760 – 850 = excellent credit
700 – 759 = great credit
660 – 699 = good credit
620 – 659 = fair credit
580 – 619 = poor credit
580 and below = very poor
If you want to raise your personal score, it pays to understand the factors that affect your credit. A credit score chart can provides clues about factors that influence your credit. According to Myfico.com, your payment record and the amount you owe your creditors have the biggest influence on your credit score, 35% and 30% respectively. The length of your credit history makes up 15% of your credit score, the type of credit makes up 10% of your credit score and new accounts make up 10% of your credit score.

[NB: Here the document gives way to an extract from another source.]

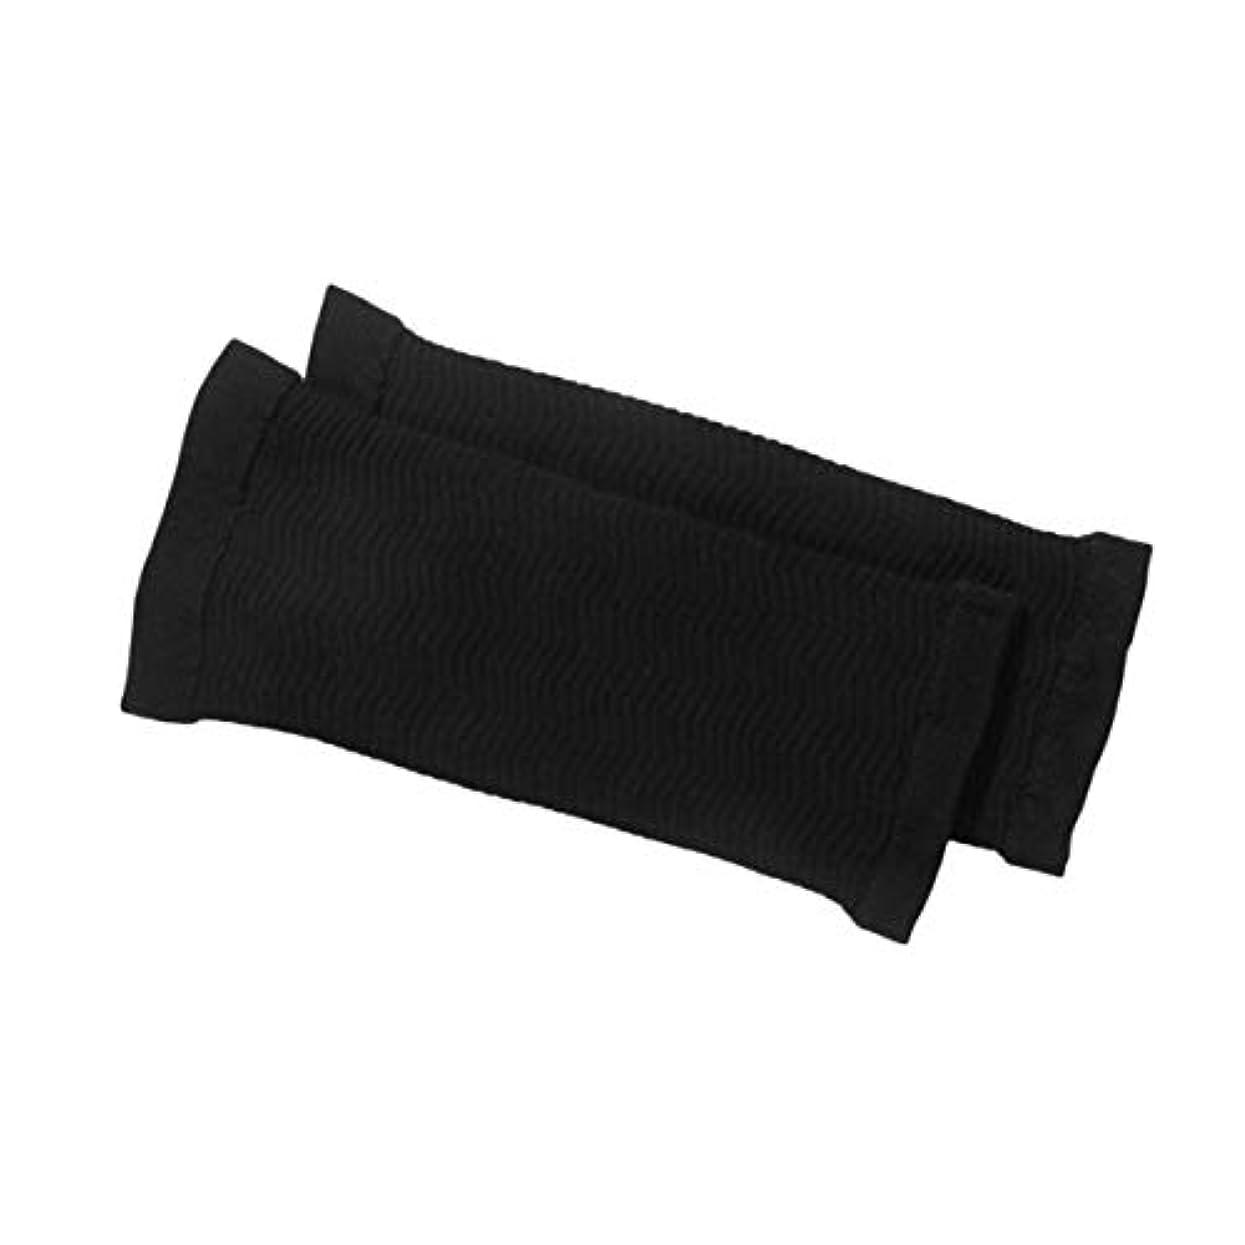 もし学ぶベアリング1ペア420 D圧縮痩身アームスリーブワークアウトトーニングバーンセルライトシェイパー脂肪燃焼袖用女性 - 黒

Some consumers pay little attention to their credit or their credit score, but if you plan on applying for financing, you need to know where you stand. Your credit reports are readily available to you for free from annualcreditreport.com, as well as paid credit monitoring services.
You may have read advertisements for free credit scores. However, there is a fee to order your personal score. Nonetheless, many companies that offer credit report monitoring do give free credit scores to people who sign up for a trial subscription. This is an excellent way to obtain your credit score free, and you can always cancel the subscription before the company bills your credit card.
Raising your credit score takes work and determination. This isn’t something that you can do overnight. On average, it takes about six months or longer to improve a low score. But don’t let this discourage you.
Start by paying all your creditors on time each month. Remember, it only takes a couple of late payments on your credit report to drive down your score. If you have difficulty remembering due dates, set reminders on your computer or phone, or sign up for automated payments. Also, keep your debt balance to a minimum. The less you owe, the better your credit scores. Charge only what you can pay off in a month.
Maintain a variety of credit accounts to add points to your score, such as a credit card, an auto loan or a mortgage. And don’t apply for new accounts unnecessarily. Decline in-store offers for credit cards, and if you rate shop for a mortgage or auto loan, complete all your applications within a 30-day period.